= San Michele Arcangelo, Montasola =

San Michele Arcangelo is the Roman Catholic church in town of Montasola, in the province of Rieti, region of Lazio, Italy. It is adjacent to the oratory of Opera Pia Cimini.

== History ==
A church at the site was likely present from early medieval times, and during some decades of the 20th-century, it shared parish functions with Santi Pietro e Tommaso. It was however for many years in ruins. Restoration took place in the 19th century, under local patronage of persons emigrating from the town. The interior has a single nave and has an original pavement. The church has three altars. The main altarpiece depicts the Virgin. On the right, the altar is dedicated to St Anne, while on the left to Mary Magdalen.
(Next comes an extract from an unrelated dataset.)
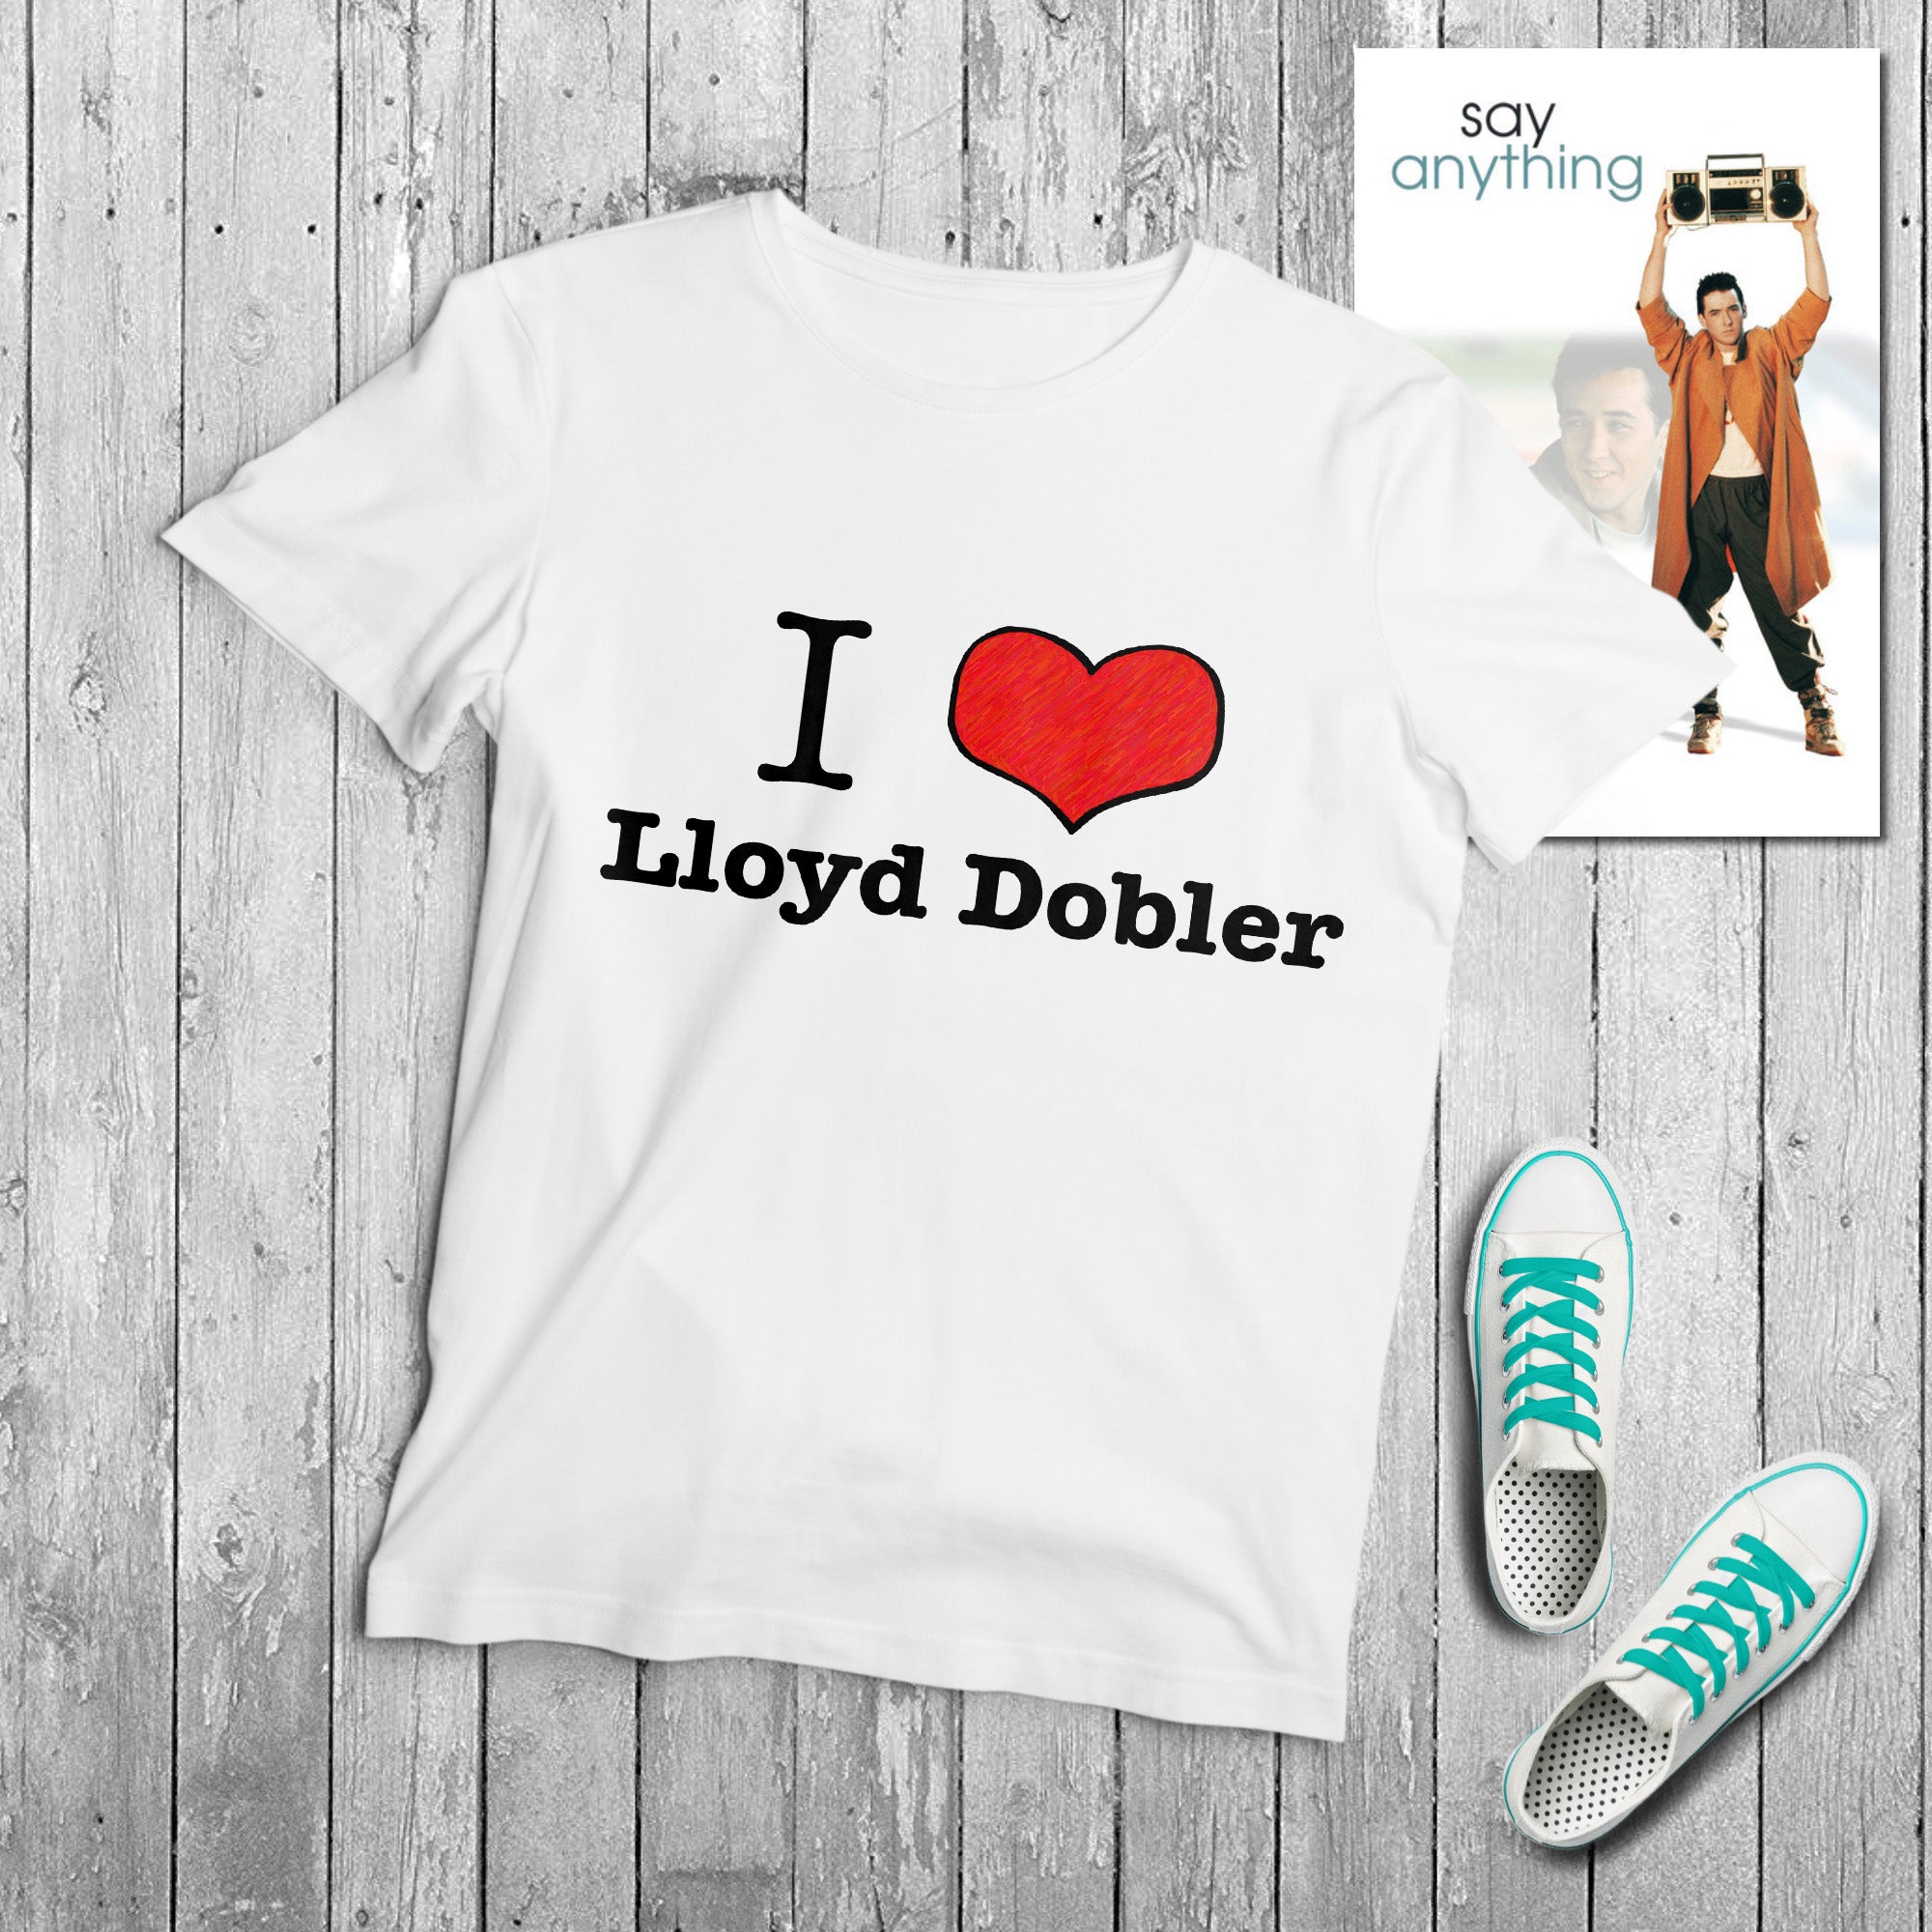 SAY ANYTHING  "I HEART Lloyd Dobler" - Tshirt

The marble holy water font is ancient, and has Romanesque artwork.

The adjacent baroque oratory was endowed in 1712 by Francesco Cimini, and was once attached to a hospital. It is said that Cimini discovered by chance a treasure of gold in his bakery in Rome, and this allowed him to endow this oratory. The interior is rich in polychrome marble and has a painting depicting the Holy Conception attributed to the school of Antonio Gherardi. The wooden cruxifix is of high quality. The marble putti of the balustrade are attributed to followers of Bernini. The balustrade was derived from the church of Santa Maria Murella.